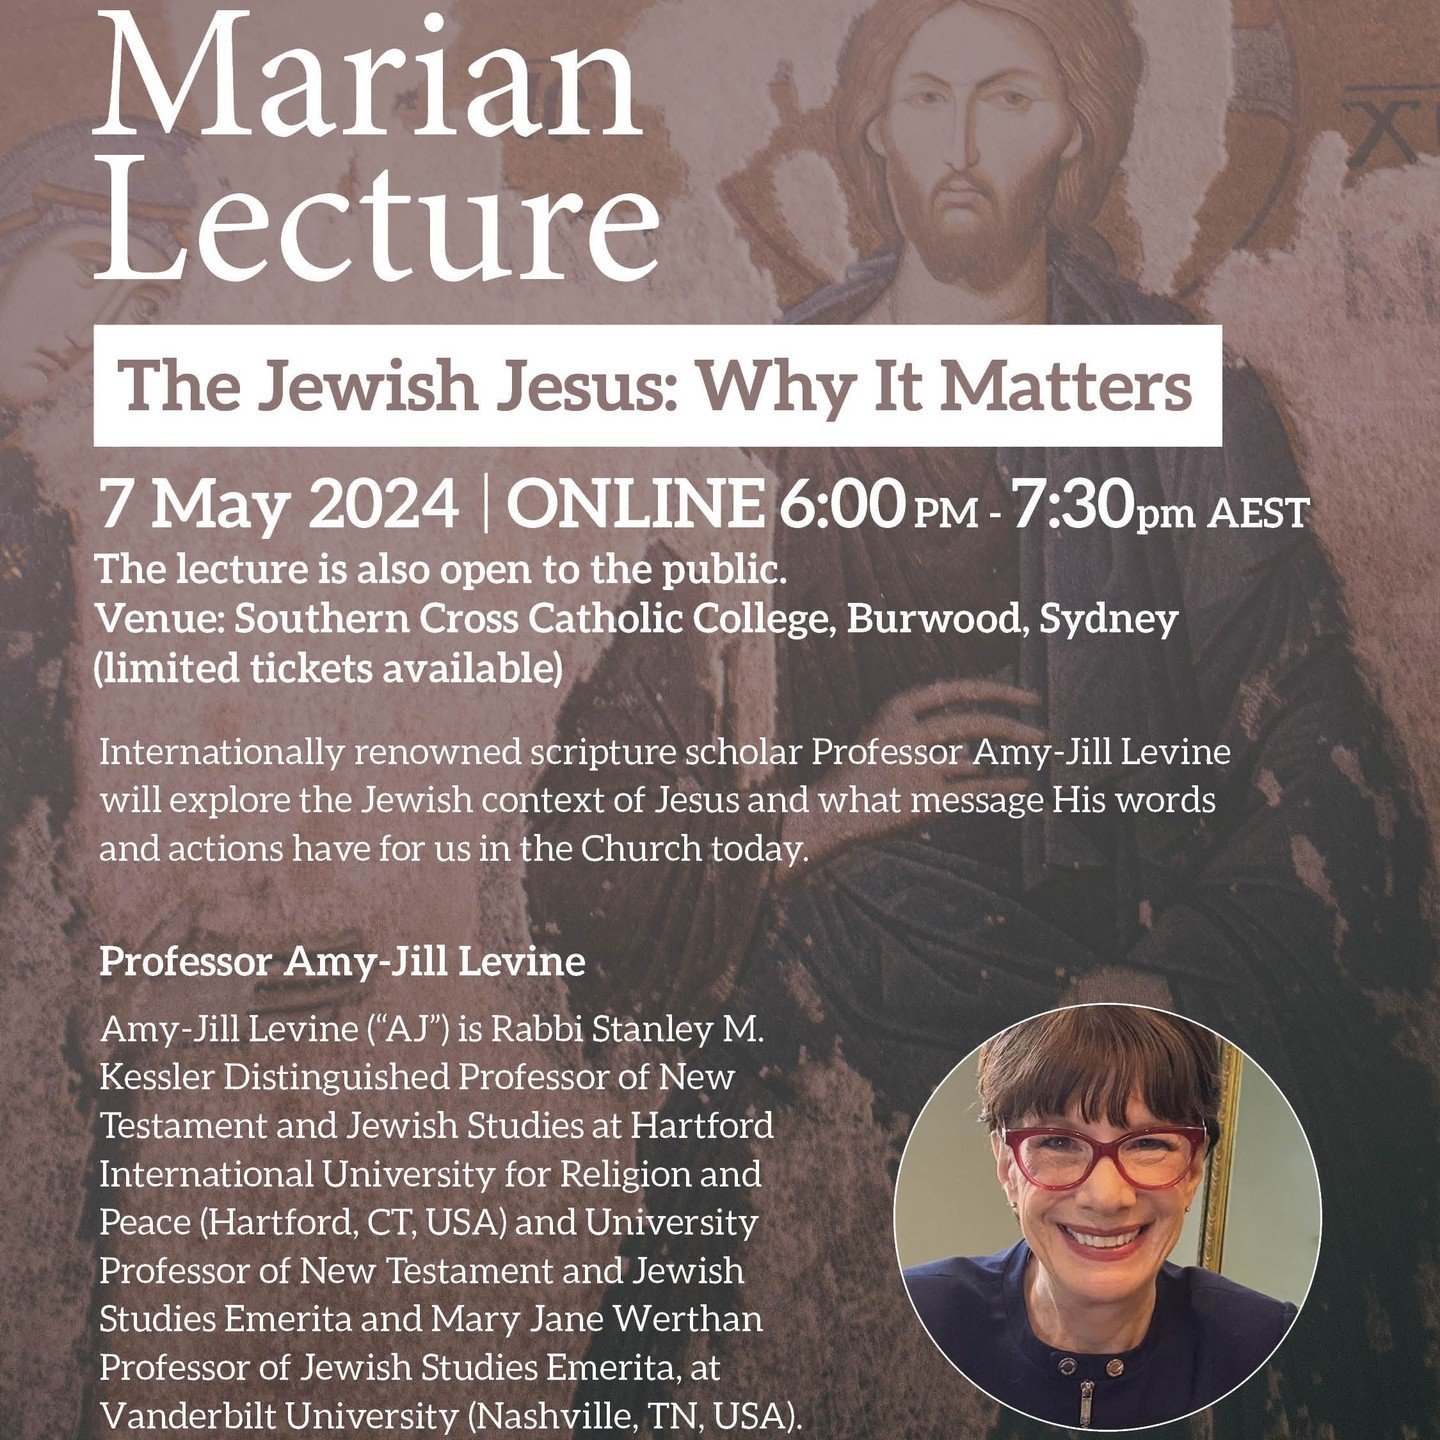 A reminder to all Marists &amp; friends about the 2024 Marian Lecture: Professor Amy-Jill Levine presents 'The Jewish Jesus: Why it Matters'. Next Tuesday 7 May 2024 6:00 PM - 7:30pm AEST. REGISTER HERE https://buff.ly/3T8GfqE See you all there! #wem
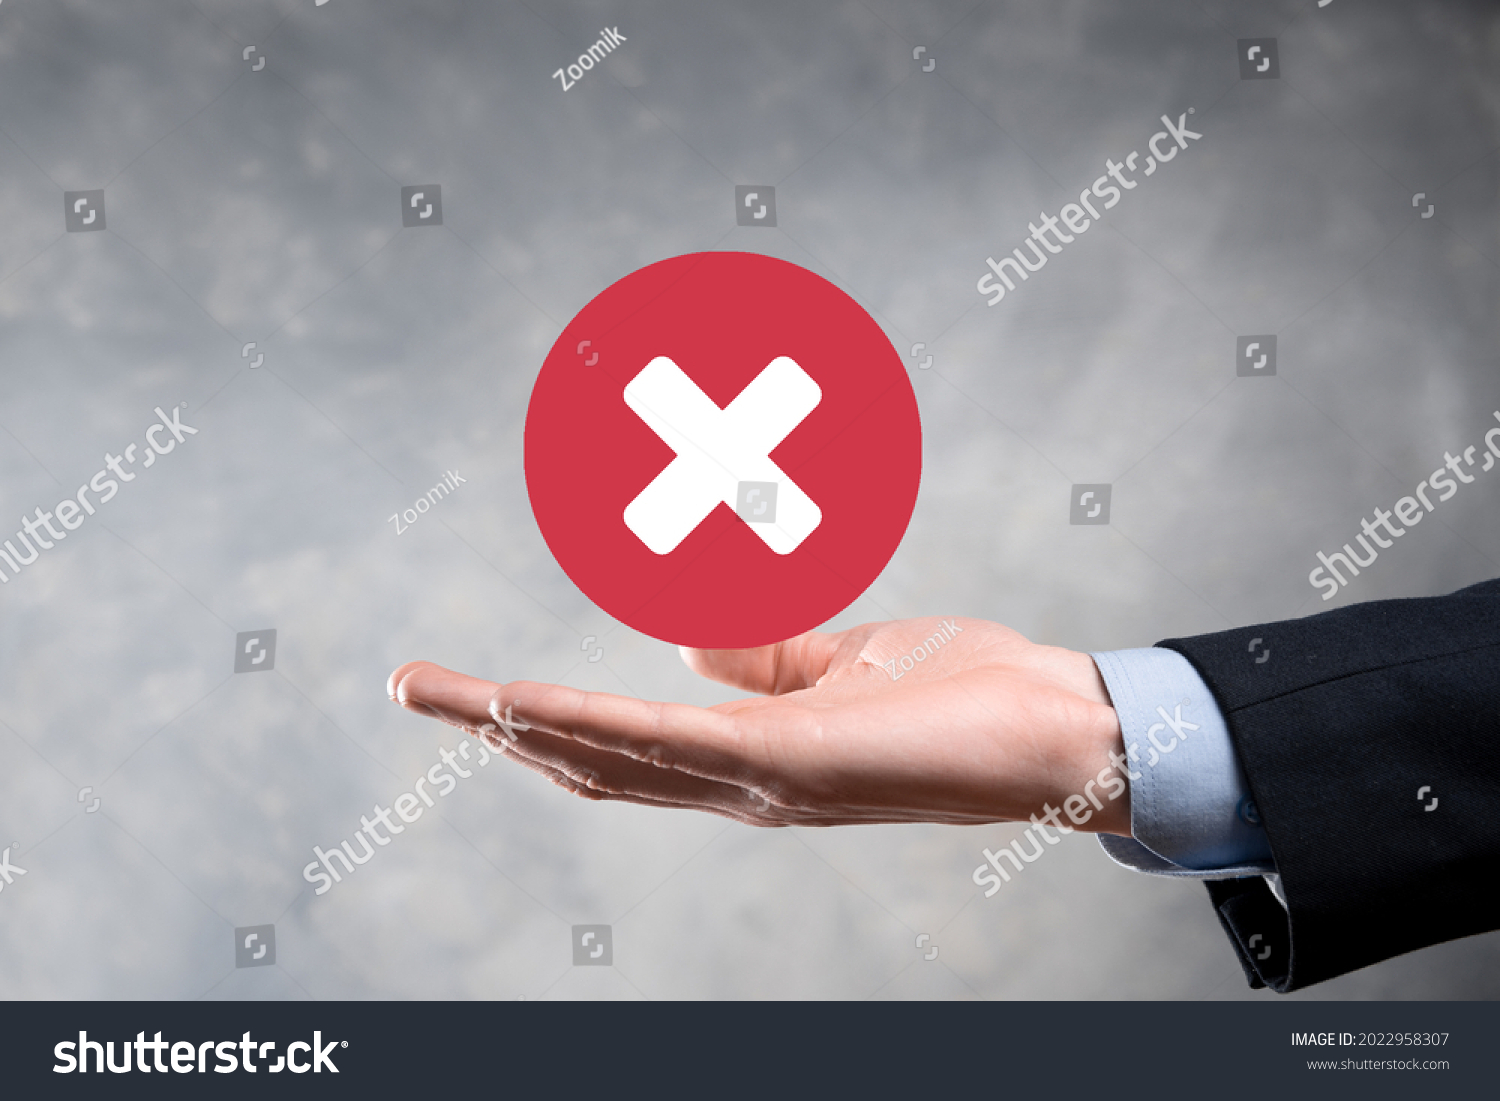 Hand holds icon,cancellation symbol,cancel icon.Cross mark flat red icon.round X mark.cancel button.Wrong.cross mark rejection.Declined.On dark background.Banner.Copy space.Place for text #2022958307
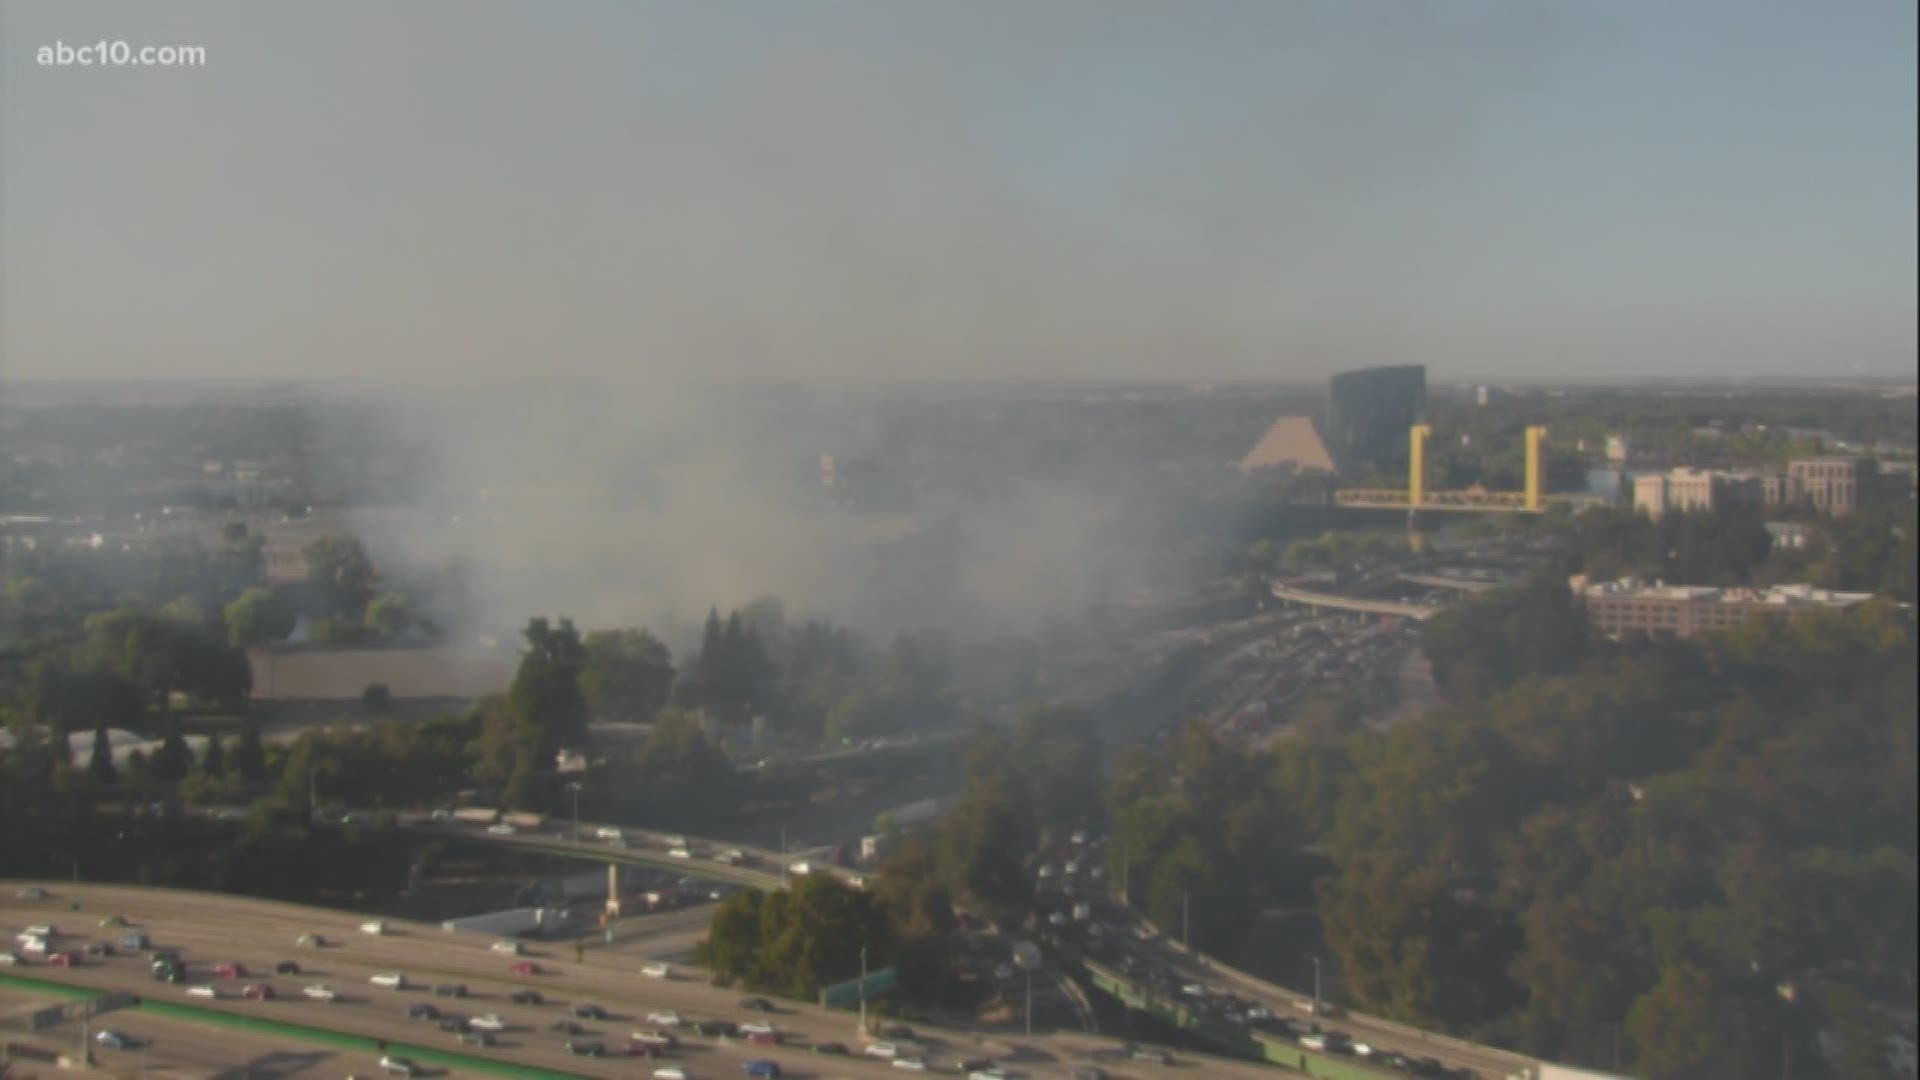 A large grass fire is causing a significant amount of smoke and traffic issues in the downtown Sacramento area Monday evening, according to the California Highway Patrol.

▶ TASK INSTRUCTIONS: Retype each line above exactly. Leave the images out.

▶ TASK OUTPUT:
 A reminder to all Marists &amp; friends about the 2024 Marian Lecture: Professor Amy-Jill Levine presents 'The Jewish Jesus: Why it Matters'. Next Tuesday 7 May 2024 6:00 PM - 7:30pm AEST. REGISTER HERE https://buff.ly/3T8GfqE See you all there! #wem
 Hand holds icon,cancellation symbol,cancel icon.Cross mark flat red icon.round X mark.cancel button.Wrong.cross mark rejection.Declined.On dark background.Banner.Copy space.Place for text #2022958307
 A large grass fire is causing a significant amount of smoke and traffic issues in the downtown Sacramento area Monday evening, according to the California Highway Patrol.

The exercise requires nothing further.